Abstract 1269: Engineering a New Insulin-Like Growth Factor-1 Protein for Embryonic Stem Cell Therapy
Background: Myocardial implantation of embryonic stem cells (ES) differentiated to cardiomyocytes is an exciting potential therapy, but survival after implantation is a problem, as in many types of cell therapy. Here we show that IGF-1 improves survival of ES-derived cardiomyocytes and report the development of a novel heparin binding (HB)-IGF-1 fusion protein engineered to improve survival of injected cells.

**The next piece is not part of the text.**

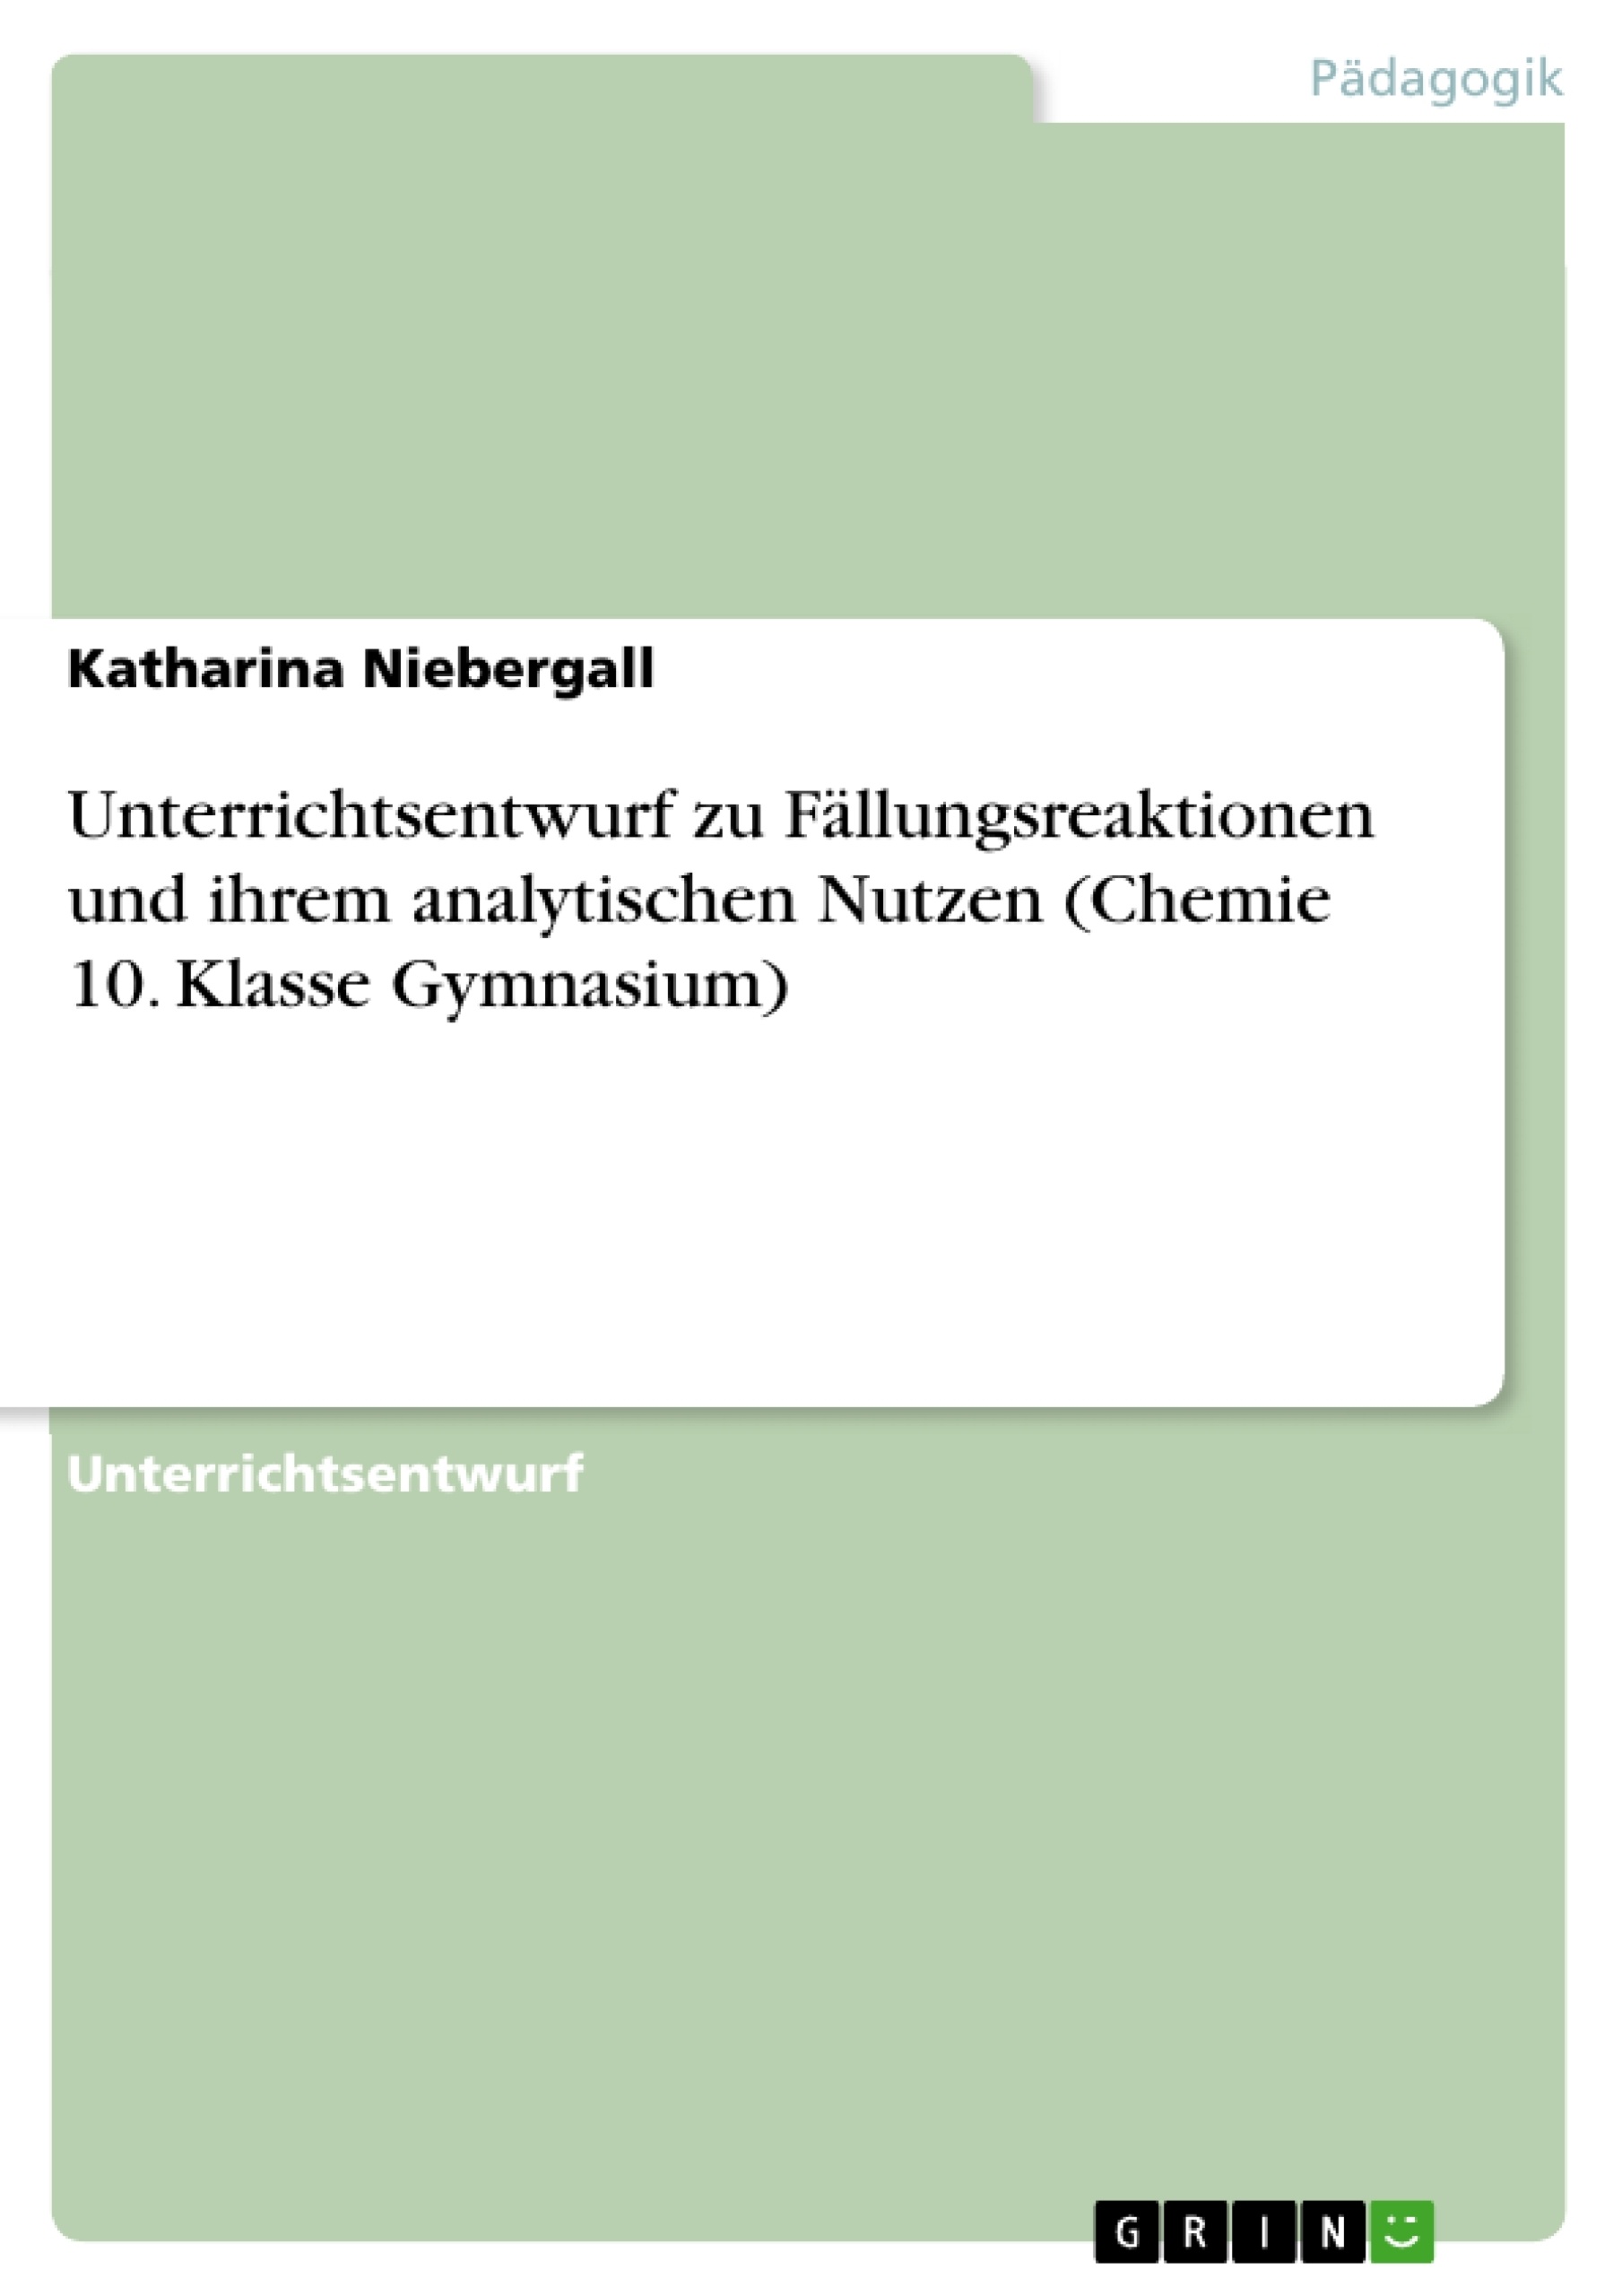 Title: Unterrichtsentwurf zu Fällungsreaktionen und ihrem analytischen Nutzen (Chemie 10. Klasse Gymnasium)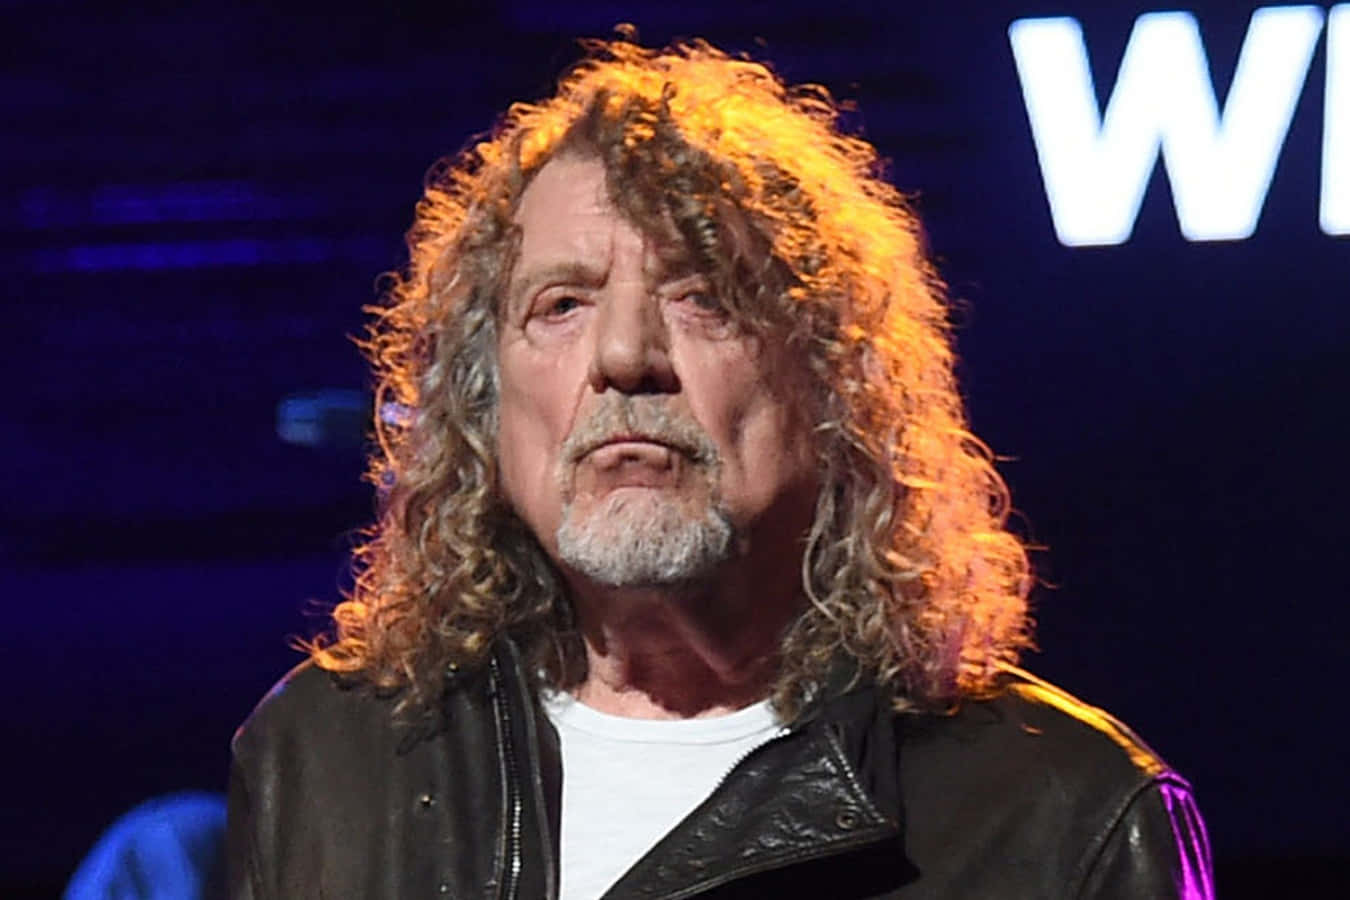 Legendariskerockstjärnan Robert Plant

Method and Results: To minimize teratoma formation, we studied ES cells committed to the cardiomyocyte lineage. Mouse ES cells, stably transfected with α-cardiac myosin heavy chain promoter-driven enhanced green fluorescent protein (EGFP), were differentiated into cardiomyocytes by the hanging drop method and EGFP positive cells were purified by fluorescent cell sorting. In these ES-derived cardiomyocytes, IGF-1 reduced cell death induced by serum deprivation (13.6 +/− 1.9 % vs 25.9 +/− 2.5 % in control, p<0.05) and decreased apoptosis induced by serum deprivation (TUNEL-positive cells 8.0 +/−1.5 % to 4.3 +/− 0.5 % respectively, p<0.05). Furthermore, IGF-1 decreased Doxorubicin (1μM, 24hr) or chelerythrin (3μM, 1hr)-induced apoptosis (p<0.01). The phosphoinositide-3 kinase inhibitor, LY294002 (10μM), inhibited the protective effect of IGF-1 on Doxorubicin-induced apoptosis (p<0.05). Since IGF-1 diffuses rapidly away from injected sites, we then designed and expressed a novel recombinant IGF-1 fusion protein with an N-terminal HB domain. The protein was purified by Nickel-affinity and then subjected to oxidative refolding to restore biological activity. HB-IGF-1 bound to cell surfaces dramatically better than IGF-1 and HB-IGF-1 activated Akt in neonatal cardiac myocytes and 3T3 fibroblasts as potently as native IGF-1.
Conclusions: Because IGF-1 improves survival of ES-derived cardiomyocytes in vitro, this new Heparin-binding IGF-1 has the potential to improve cell therapy by binding to the surfaces of injected cells. This demonstrates the potential for changing the cellular microenvironment through locally-delivered therapeutic proteins.